Archipelagia, is the pituitary gland due to hyperplasia or tumor caused by growth hormone secretion caused by abnormal skin and bone hyperplasia disease. Minor morbidity caused by gigantism, adult morbidity manifested as diffuse hypertrophy and thickening of the skin, thickening of the facial skin texture, deepening of wrinkles, widening of the nasolabial folds, thickening of the tongue and lips. At the same time, pituitary tumor compression leads to organ lesions and the incidence of malignant tumors will increase accordingly, and life expectancy will be shortened. Incidence rate of 6~18 people/million.
Idiopathic pulmonary hypertension, is a rare cardiovascular disease, incidence rate of 1~2 people per million per year, the incidence of women is higher. 60% of the patients manifested dyspnea, shortness of breath, chest pain, etc., and the condition of the seriousness of the pericardial effusion, leading to the right heart failure, can only be bedridden. The average age of the patients is around 30 years old, and it is currently an incurable and severe chronic disease.
Phenylketonuria, lack of pyruvate hydroxylase, phenylalanine can only rely on transamination to generate phenylpyruvic acid, the patient's urine excretion of large amounts of phenylpyruvic acid. The accumulation of phenylpyruvic acid is toxic to the nerves and impairs mental development. The chance of a newborn having the disease is about 1 in 50,000, and about 6 to 7 newborns are born a year with the disease.
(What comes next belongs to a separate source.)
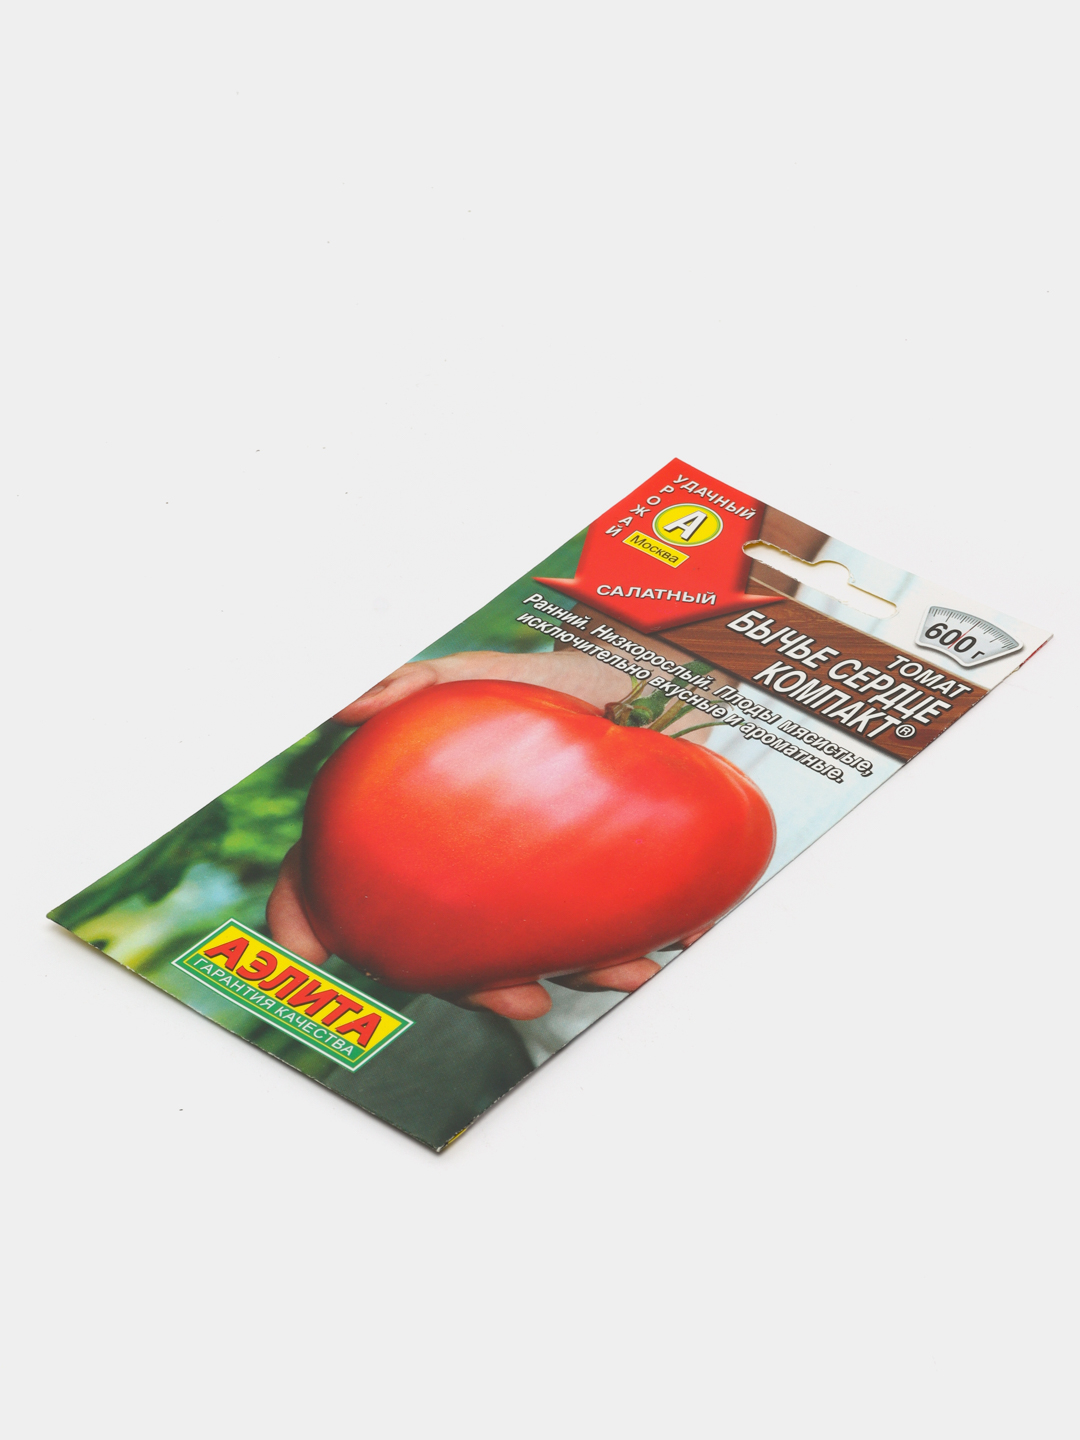 Бычье сердце томат компакт отзывы фото урожайность

Mitochondrial disease, caused by defects in mitochondrial DNA or nuclear DNA. Genetic defects lead to changes in functional or structural proteins in the respiratory chain of the mitochondria, losing their original function and blocking energy synthesis, resulting in a range of symptoms, including epilepsy, migraine headaches, dementia, migraine blindness, limb aches and pains and fatigue after activity, vision loss, eyelid ptosis, neurological deafness, as well as short stature, diabetes, cardiomyopathy, and cataracts.
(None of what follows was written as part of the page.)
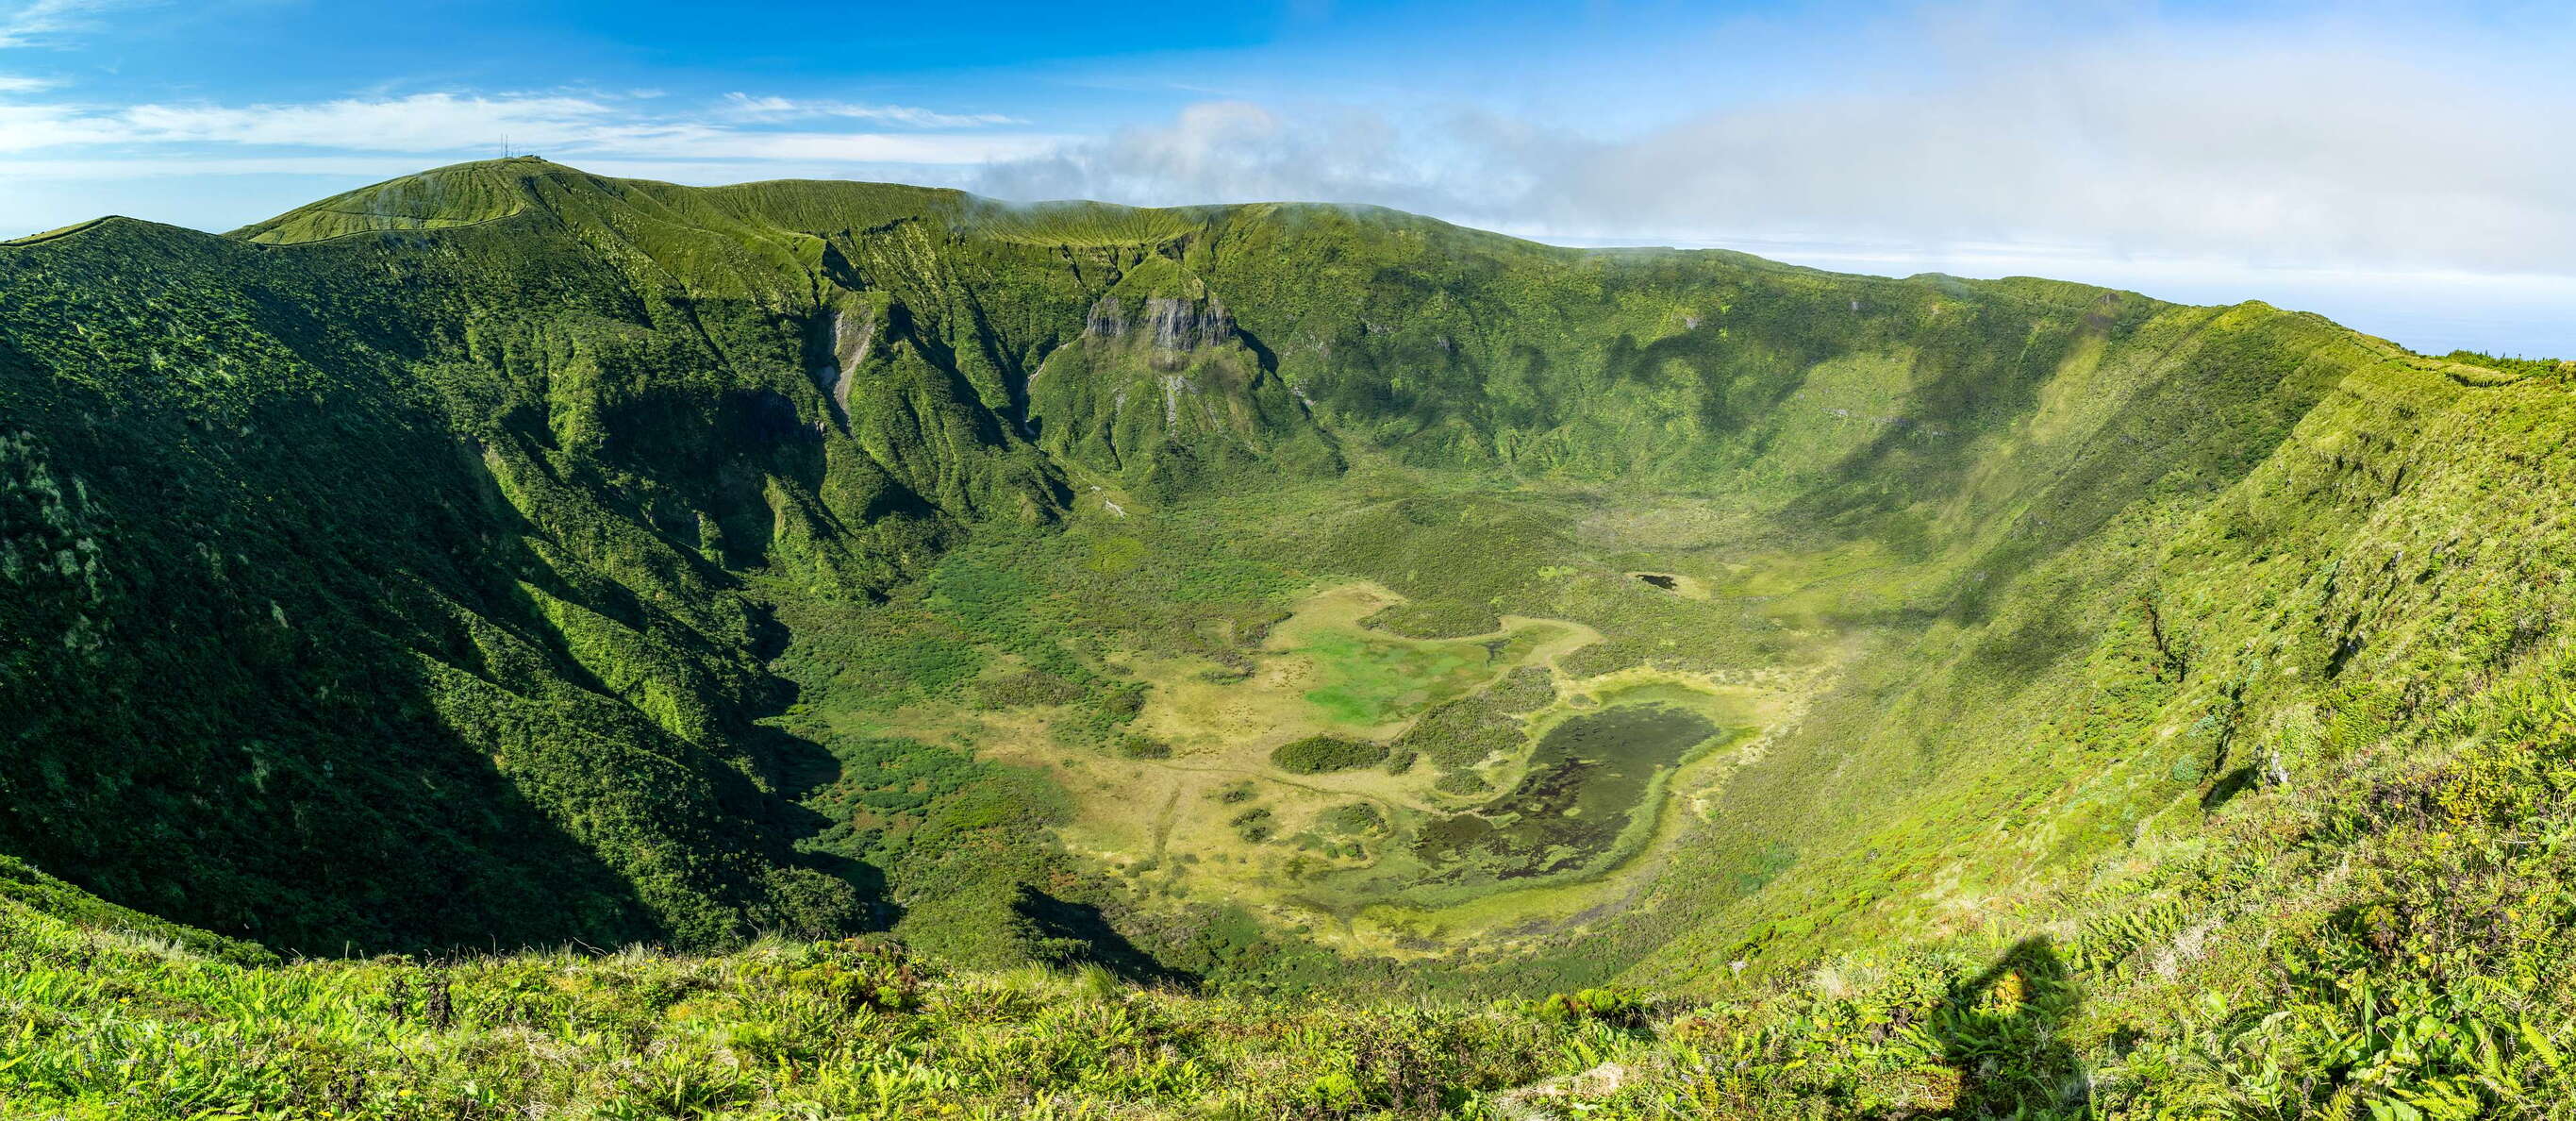 Vulcão da Caldeira | Panoramic view

Early detection and early intervention is the best way to prevent and treat rare diseases. We should actively promote the publicity and popularization of scientific knowledge about rare diseases, organize relevant medical training, improve the detection and diagnosis of rare diseases in China, and reduce the delay in intervention and treatment caused by misdiagnosis and omission.
Rare diseases are often congenital, chronic, and consumptive diseases, which cause great pain to the patients and their families, who are in urgent need of social support in various aspects of life, medical care, and psychology.
Because of their disabilities, patients with rare diseases are often discriminated against in their lives and in schooling and employment. A more harmonious social environment should be promoted so that patients with rare diseases can receive the understanding and care of the whole society, and that support and assistance can be provided for their schooling and employment.
Since most pharmaceutical companies are reluctant to develop drugs for rare diseases due to their high cost, high risk and low market demand, society should support the government in formulating special incentives for the development of drugs for rare diseases, so as to promote more effective treatments for rare diseases.
Internationally, only about 1 percent of rare diseases have effective treatments, and the number of rare disease drugs registered in China is negligible. Due to the costly research and development process, effective treatments for rare diseases are expensive and most patients' families cannot afford them. All sectors of society should mobilize to help the government develop an effective payment mechanism so that patients with rare diseases can receive sustainable healthcare coverage. Although rare diseases are rare, they are not necessarily irredeemable diseases. In fact, there are many rare diseases that can be treated or controlled, and if they can be detected at an early stage, through medication, strict dietary control, or consumption of specially formulated food, they will be very effective.